Task: Copy out the listing that follows, exactly, without its pictures.

Supplied data:
______
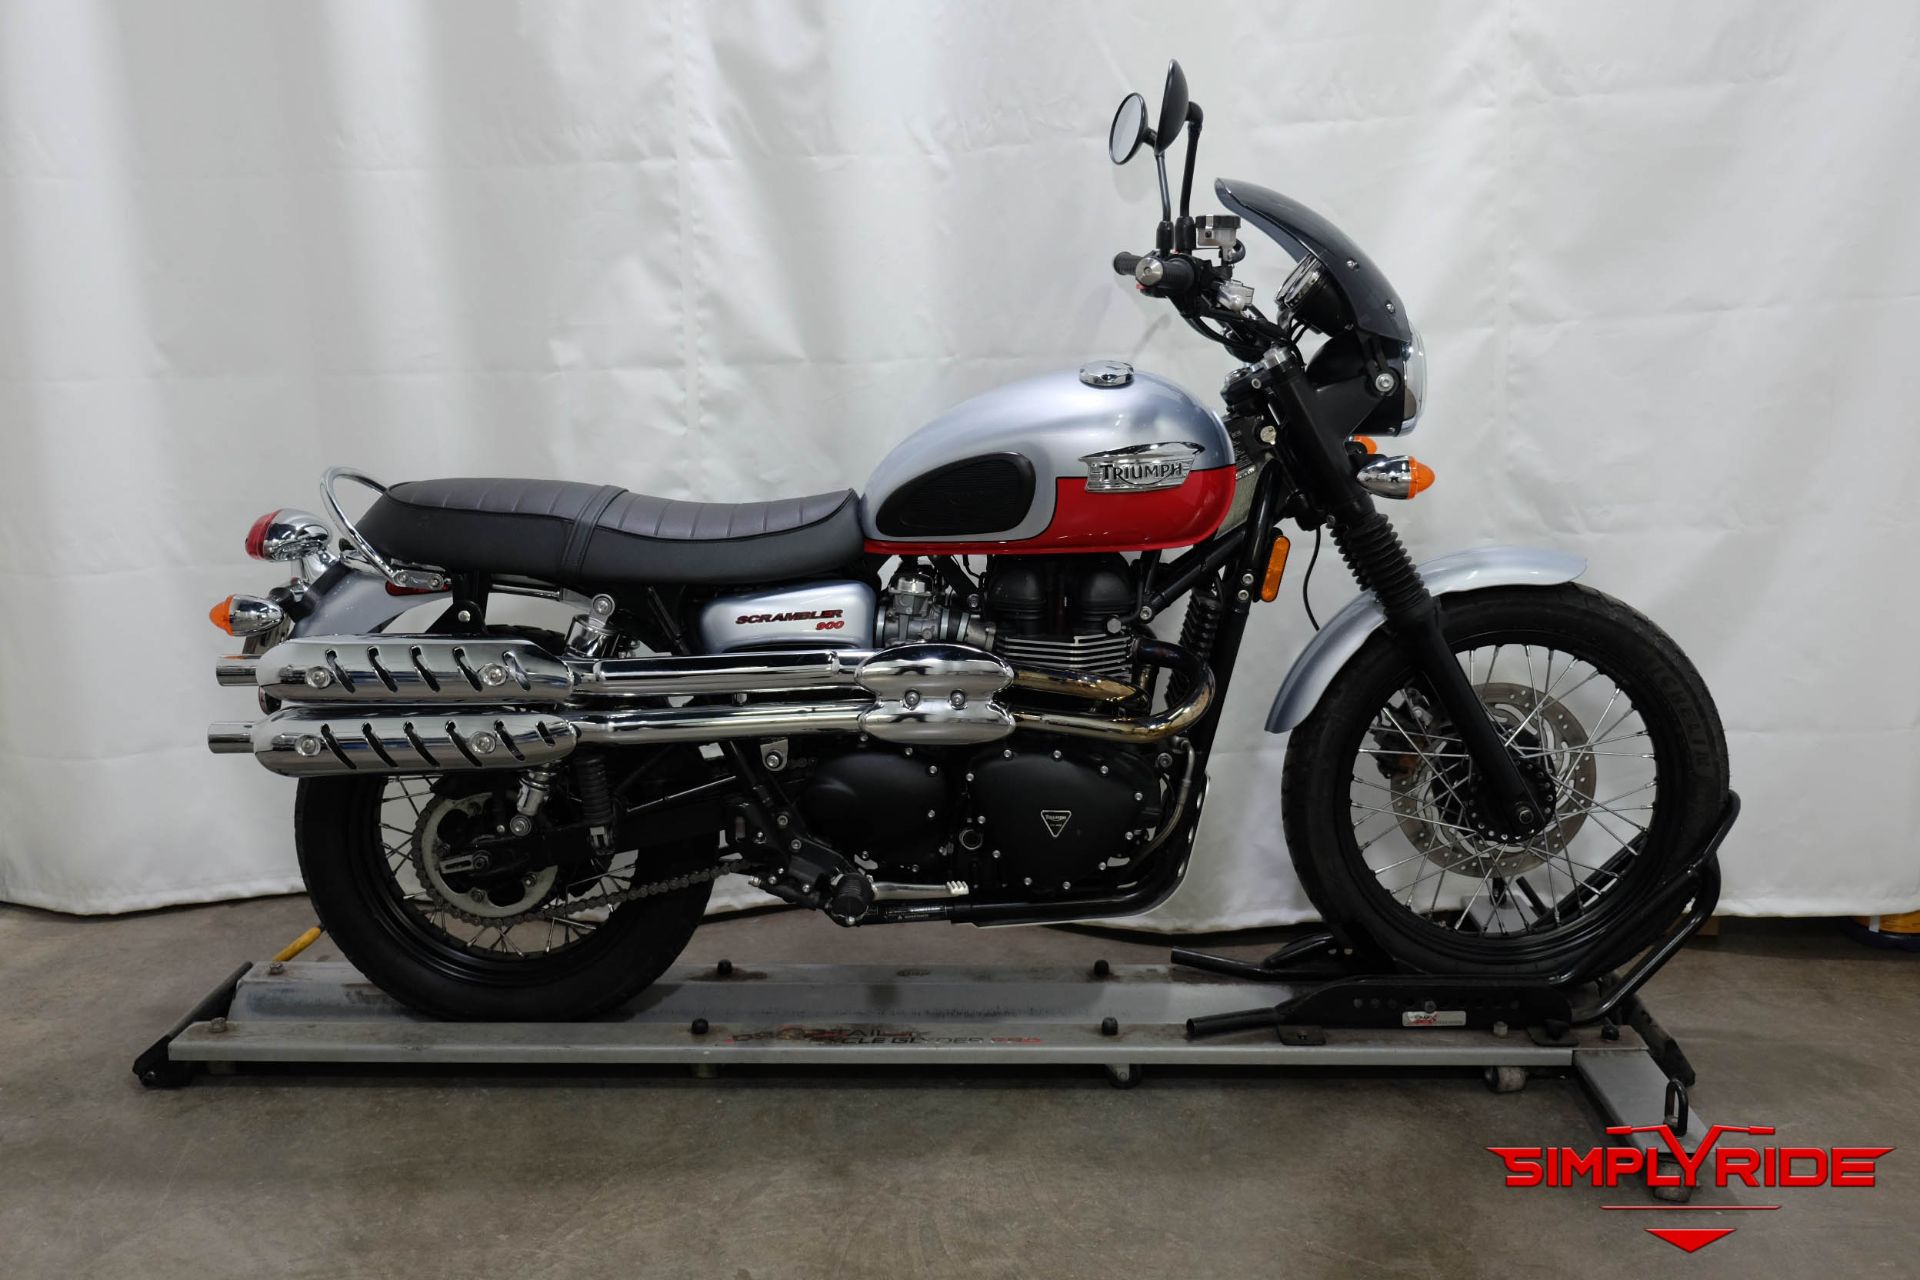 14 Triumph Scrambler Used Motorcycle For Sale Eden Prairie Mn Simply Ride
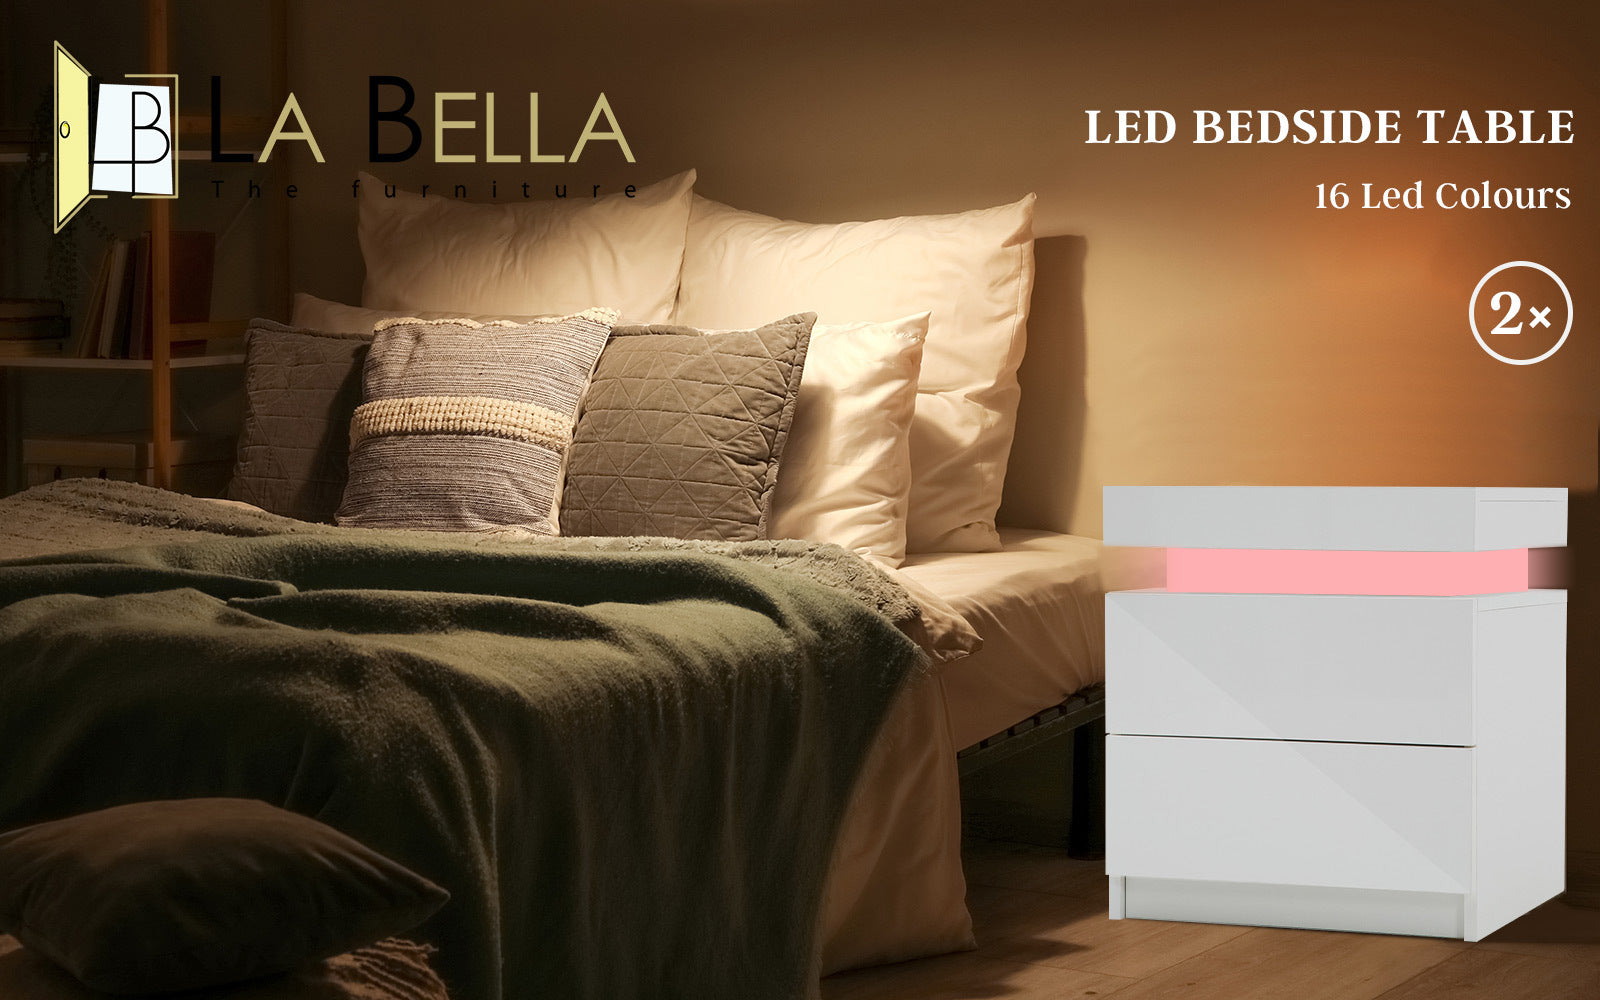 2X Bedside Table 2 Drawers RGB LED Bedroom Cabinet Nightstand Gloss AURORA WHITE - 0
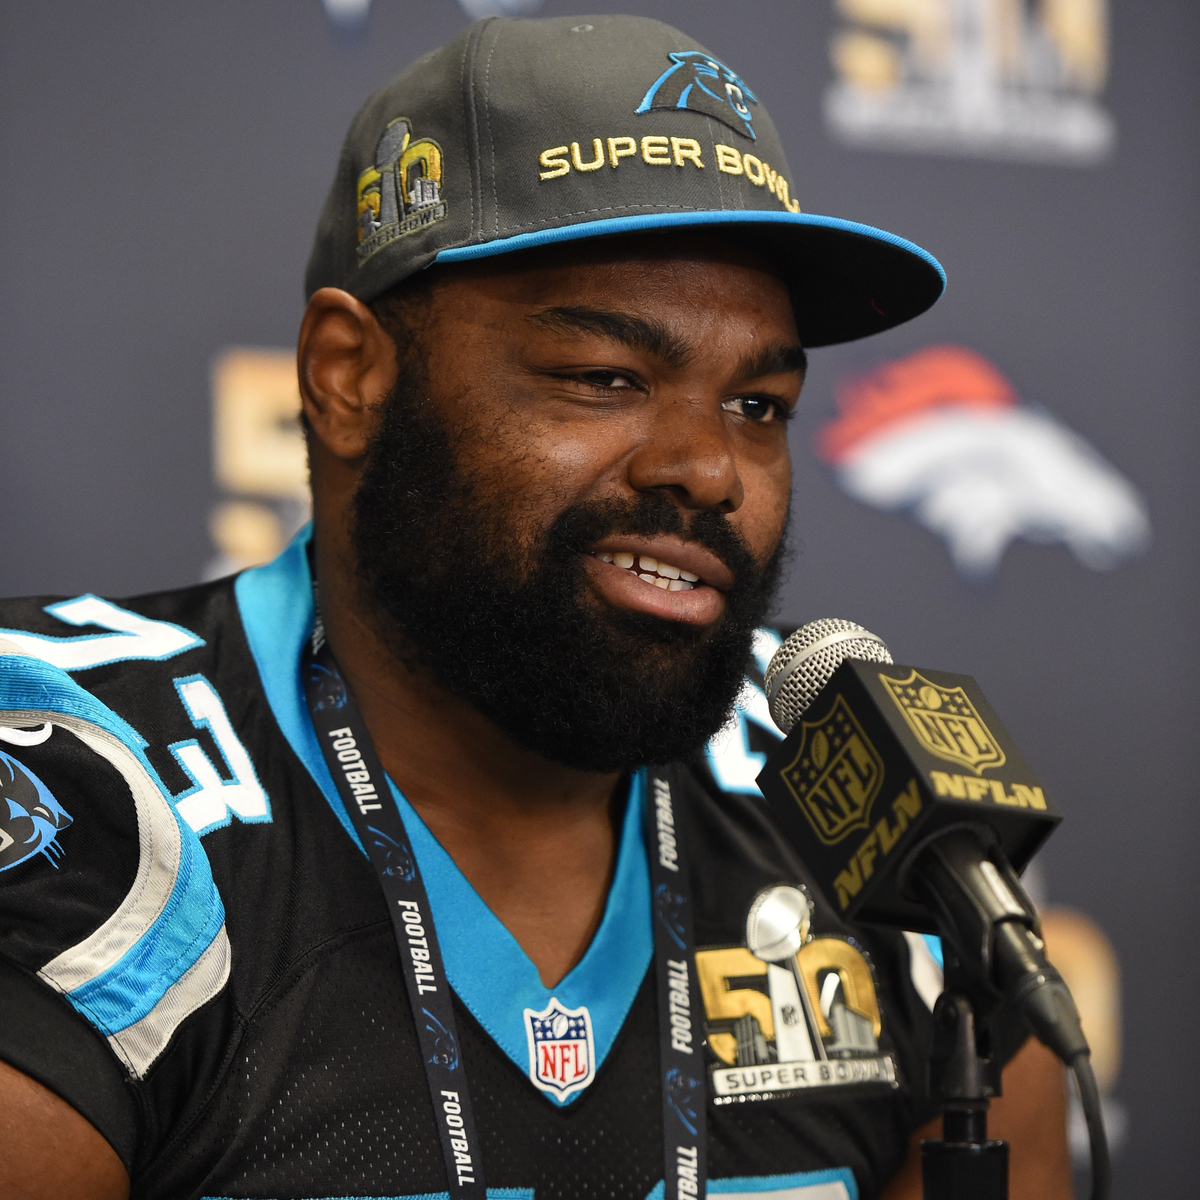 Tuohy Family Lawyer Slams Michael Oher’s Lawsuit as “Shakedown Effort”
______
Answer to the exercise:
 14 Triumph Scrambler Used Motorcycle For Sale Eden Prairie Mn Simply Ride
 2X Bedside Table 2 Drawers RGB LED Bedroom Cabinet Nightstand Gloss AURORA WHITE - 0
 Tuohy Family Lawyer Slams Michael Oher’s Lawsuit as “Shakedown Effort”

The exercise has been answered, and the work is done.